--- START ---

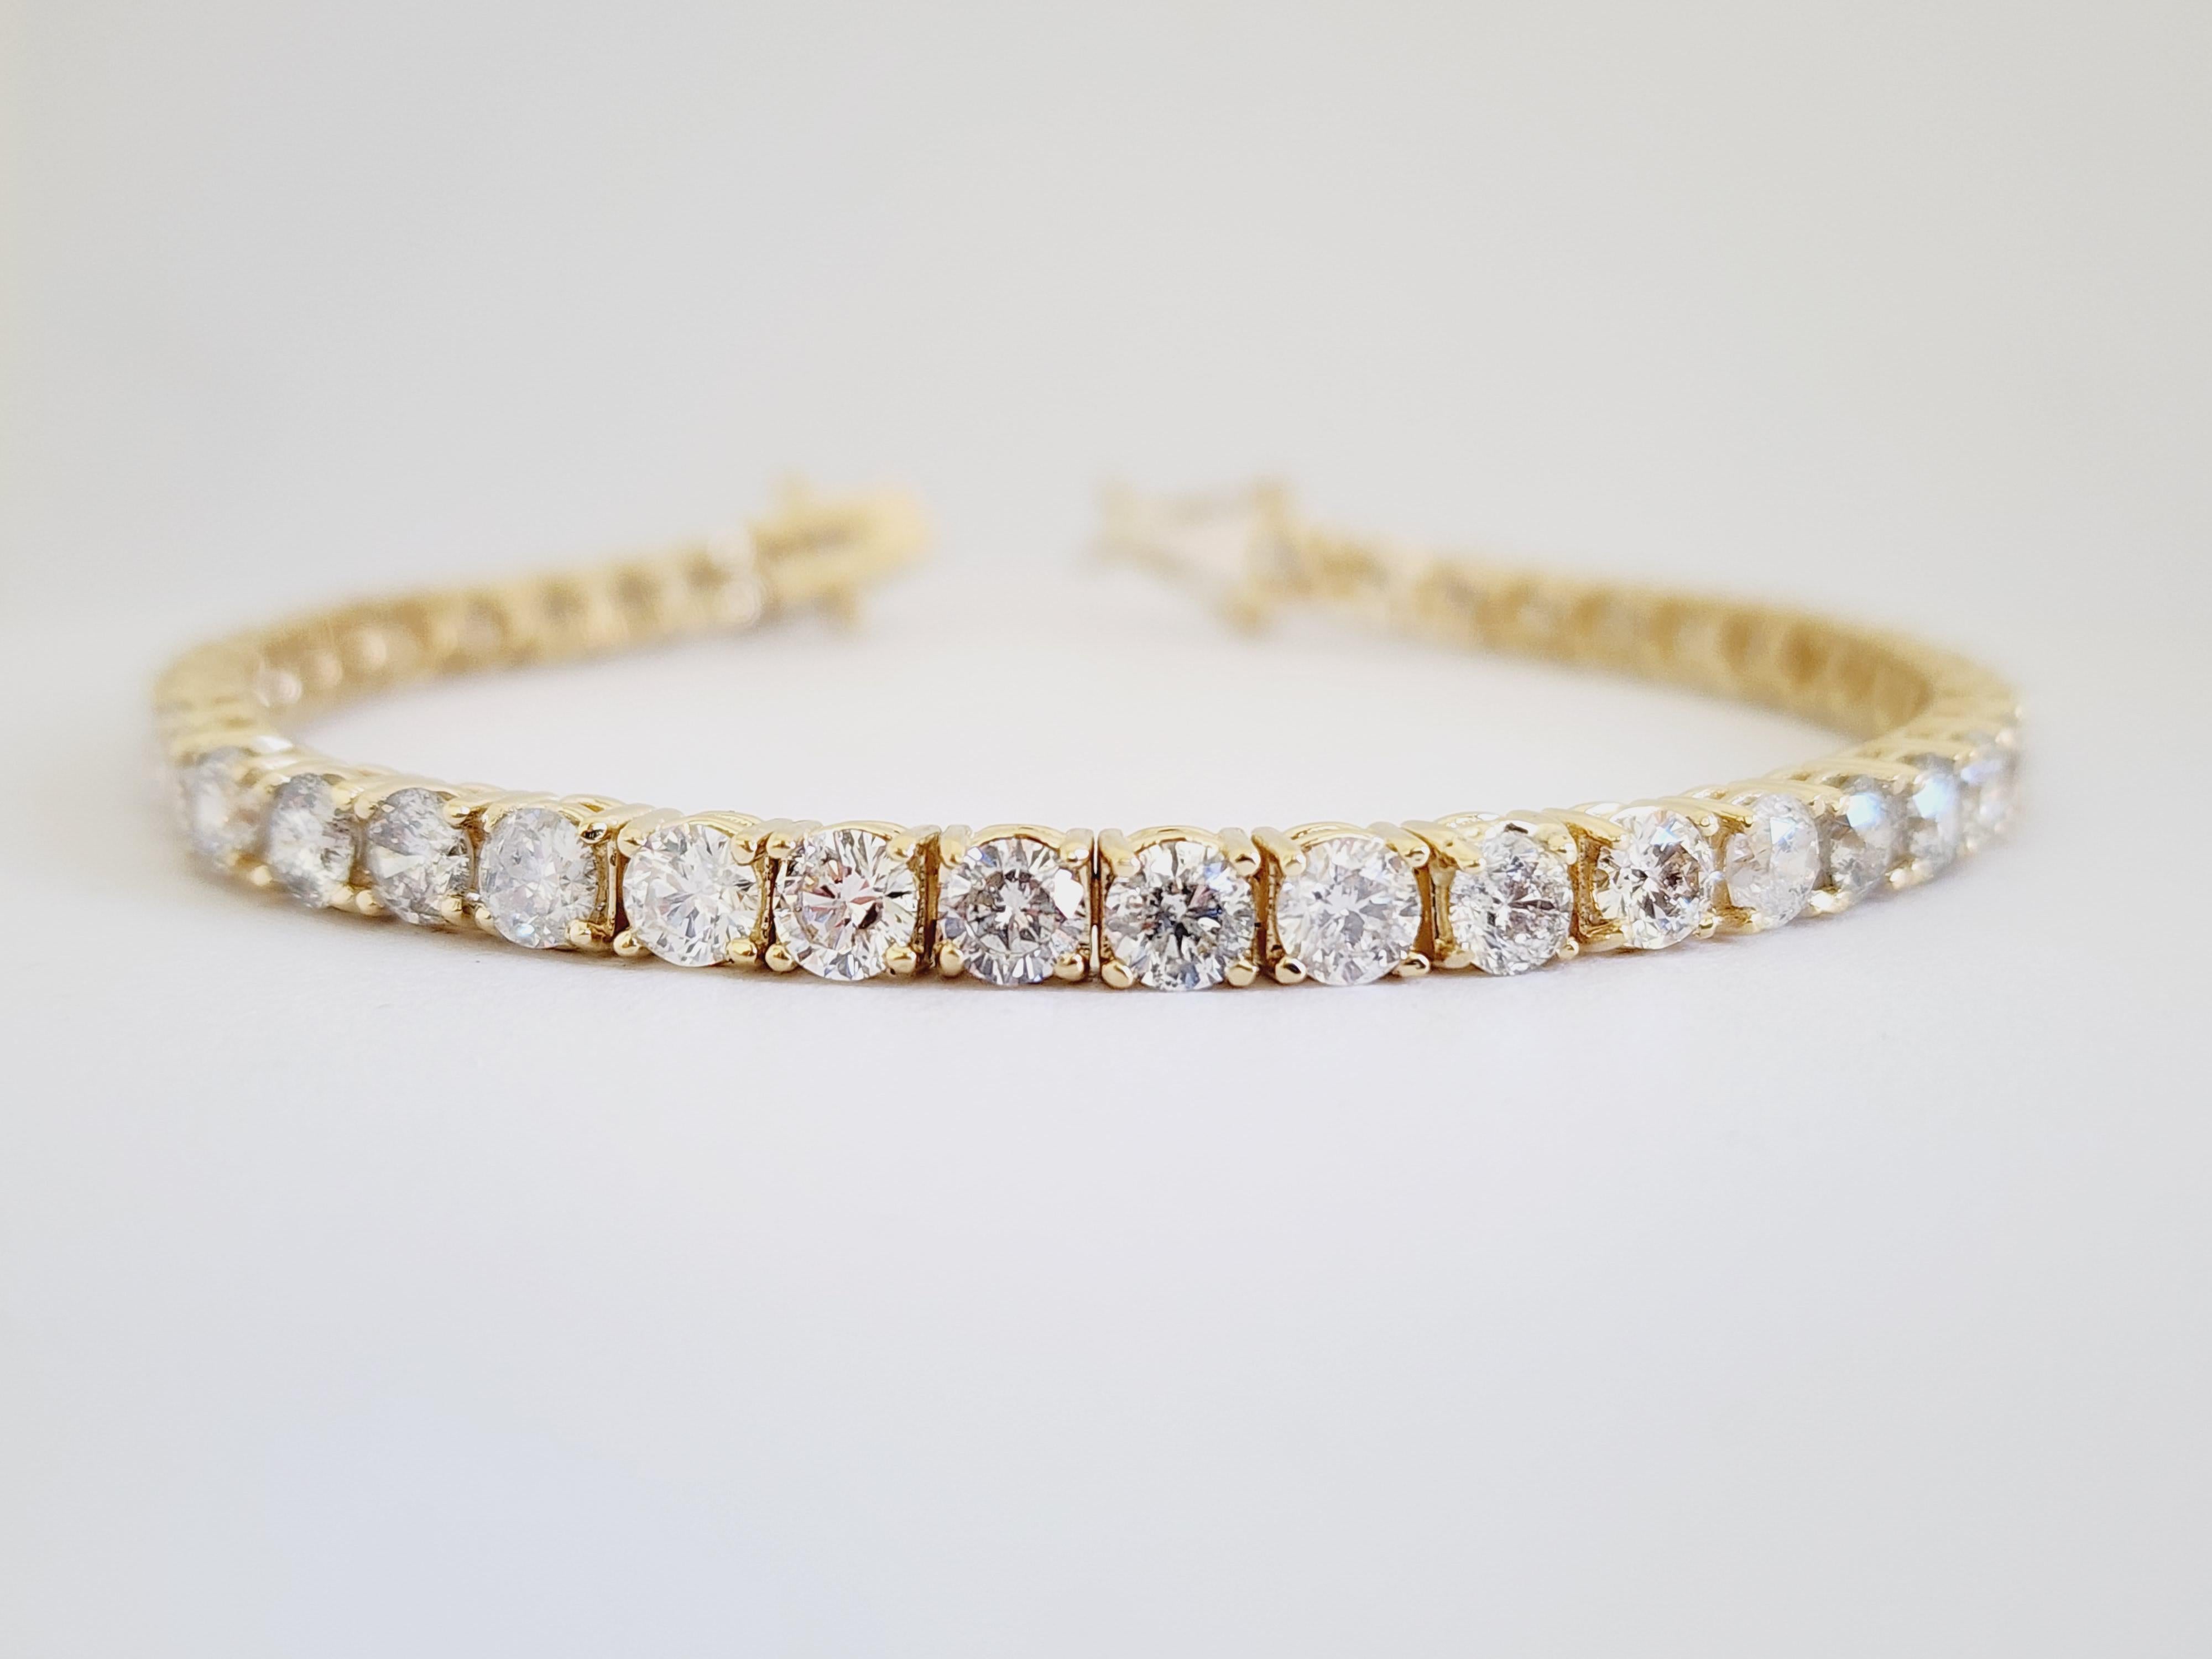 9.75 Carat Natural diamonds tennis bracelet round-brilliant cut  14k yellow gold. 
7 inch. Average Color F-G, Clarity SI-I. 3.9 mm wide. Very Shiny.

--- END ---
--- START ---

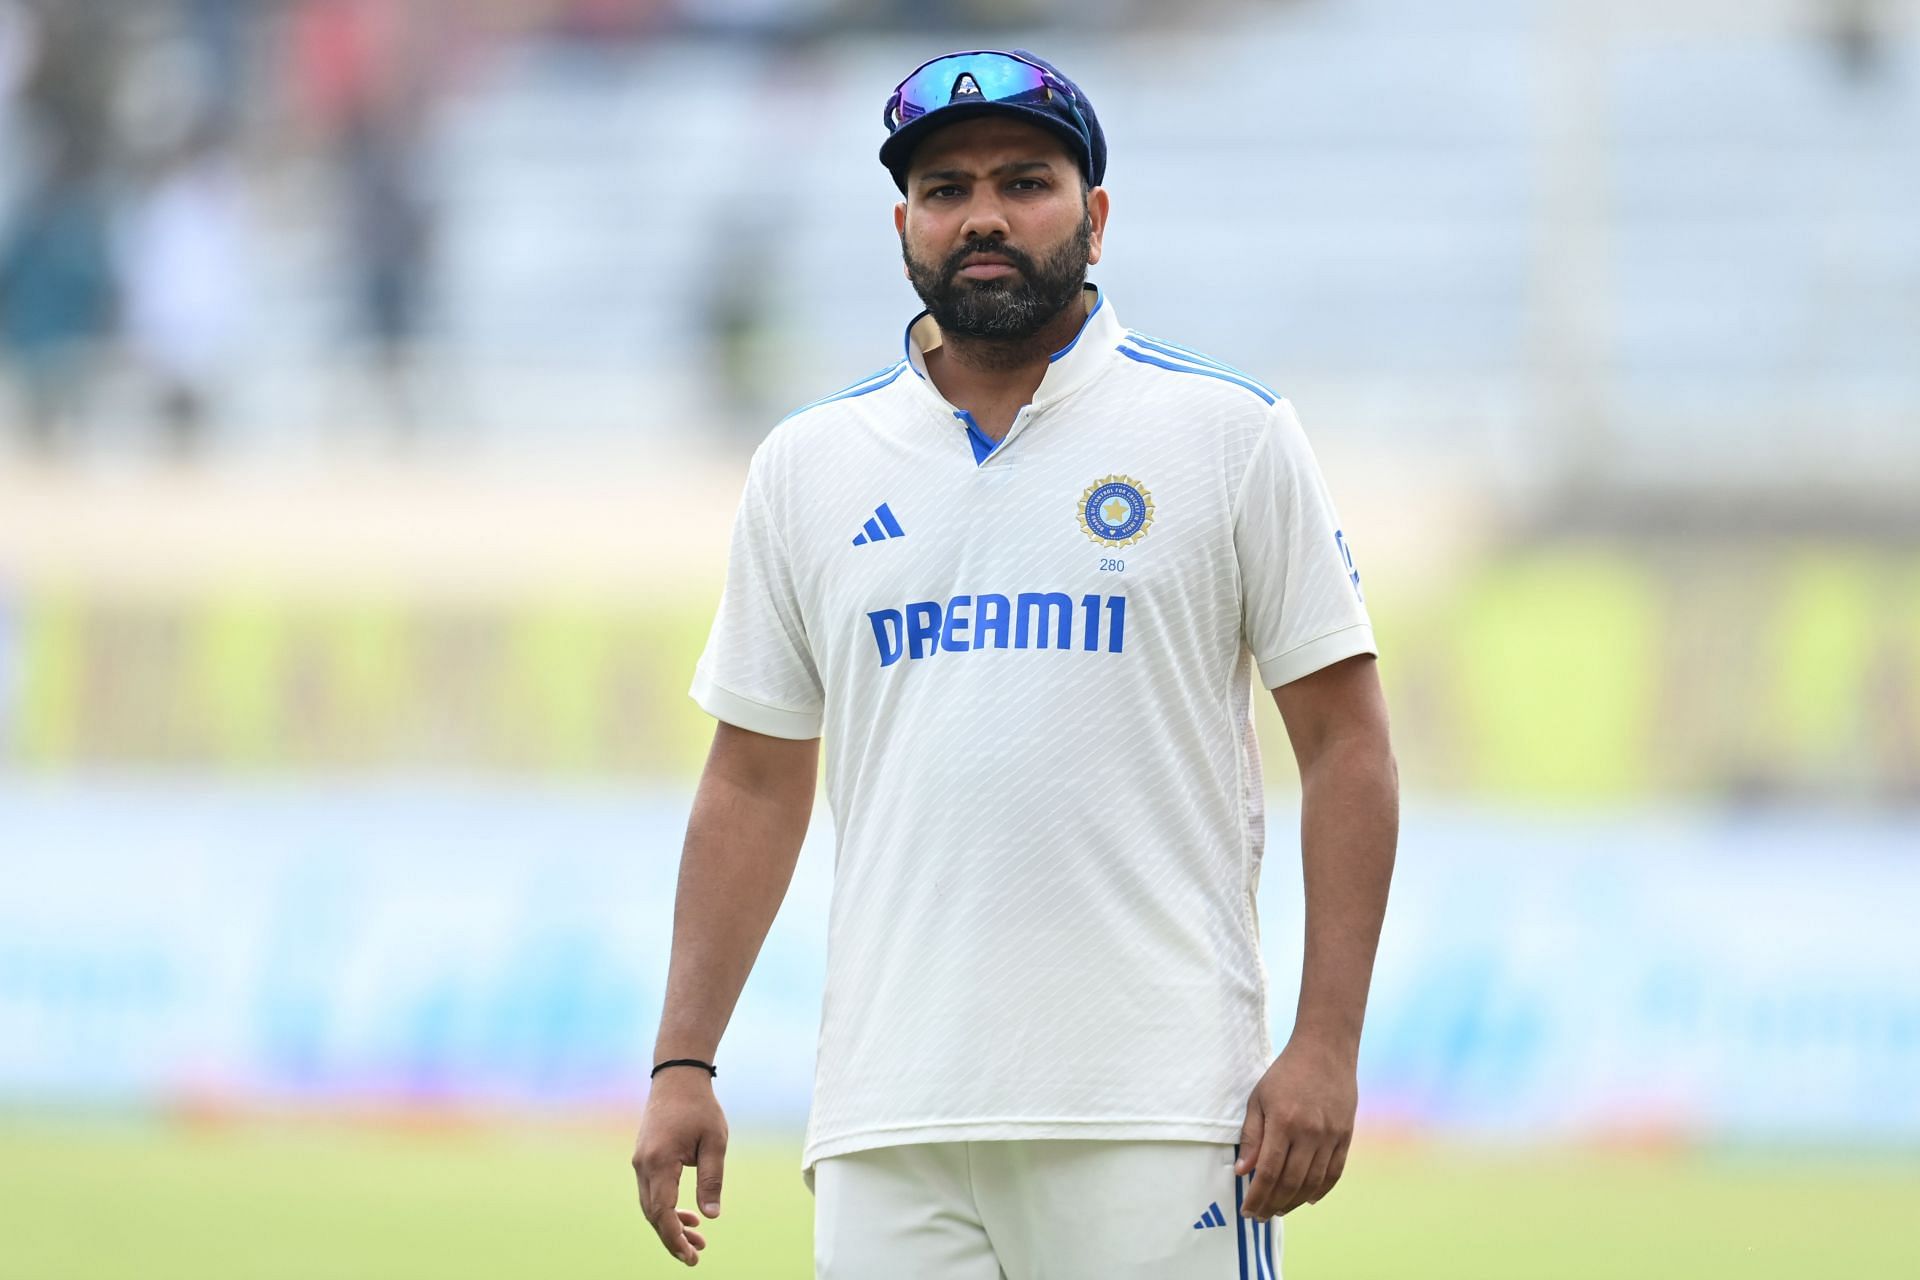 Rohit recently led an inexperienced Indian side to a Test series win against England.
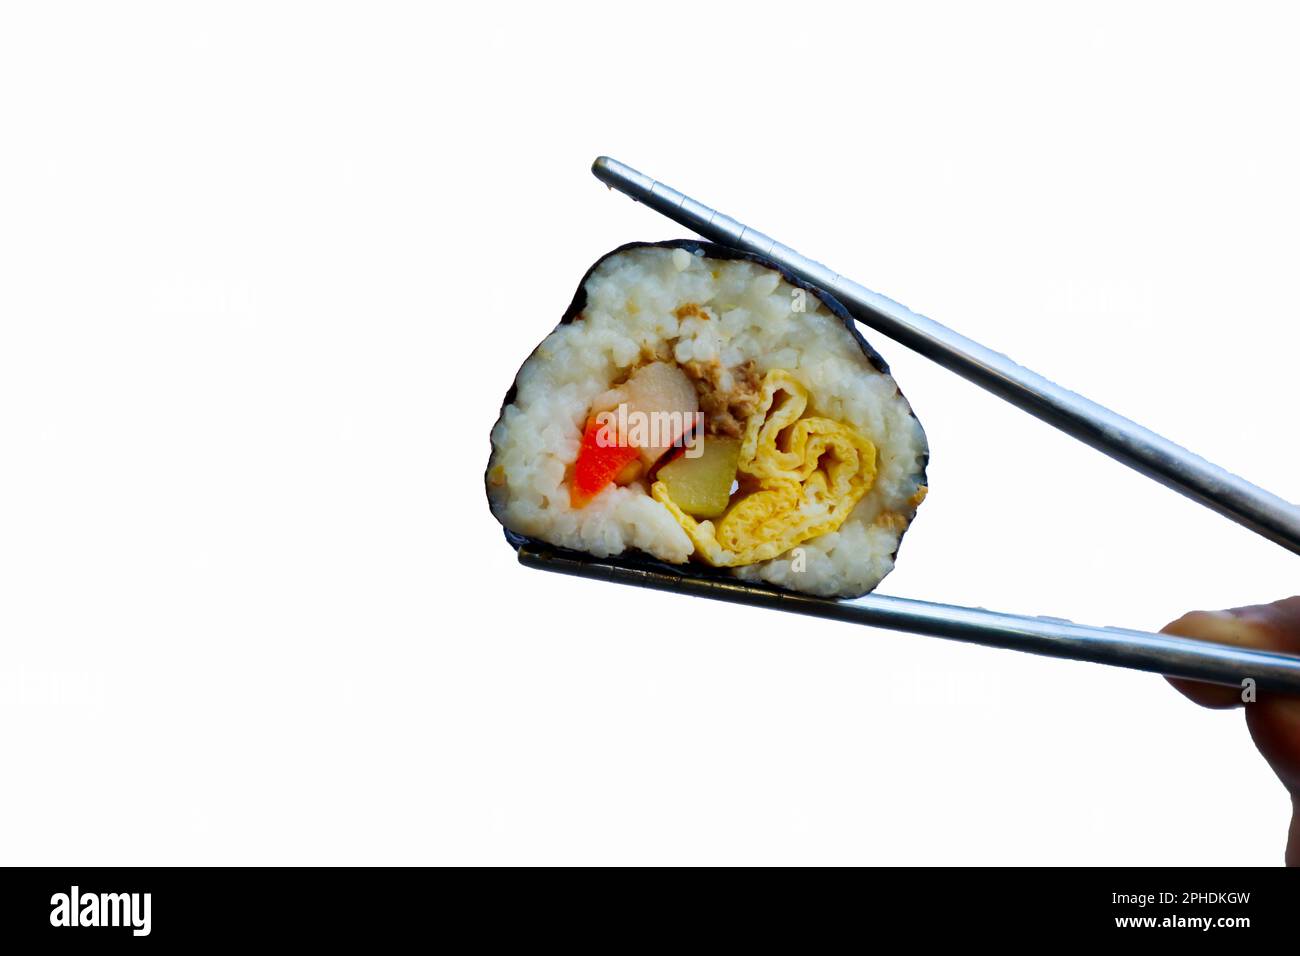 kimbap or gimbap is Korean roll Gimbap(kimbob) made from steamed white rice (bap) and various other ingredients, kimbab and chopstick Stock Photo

--- END ---

Although the records hold pictures, the copy must not; give again exactly the lines from the one with "9.75 Carat Natural" through the one with "7 inch. Average".

 9.75 Carat Natural diamonds tennis bracelet round-brilliant cut  14k yellow gold. 
7 inch. Average Color F-G, Clarity SI-I. 3.9 mm wide. Very Shiny.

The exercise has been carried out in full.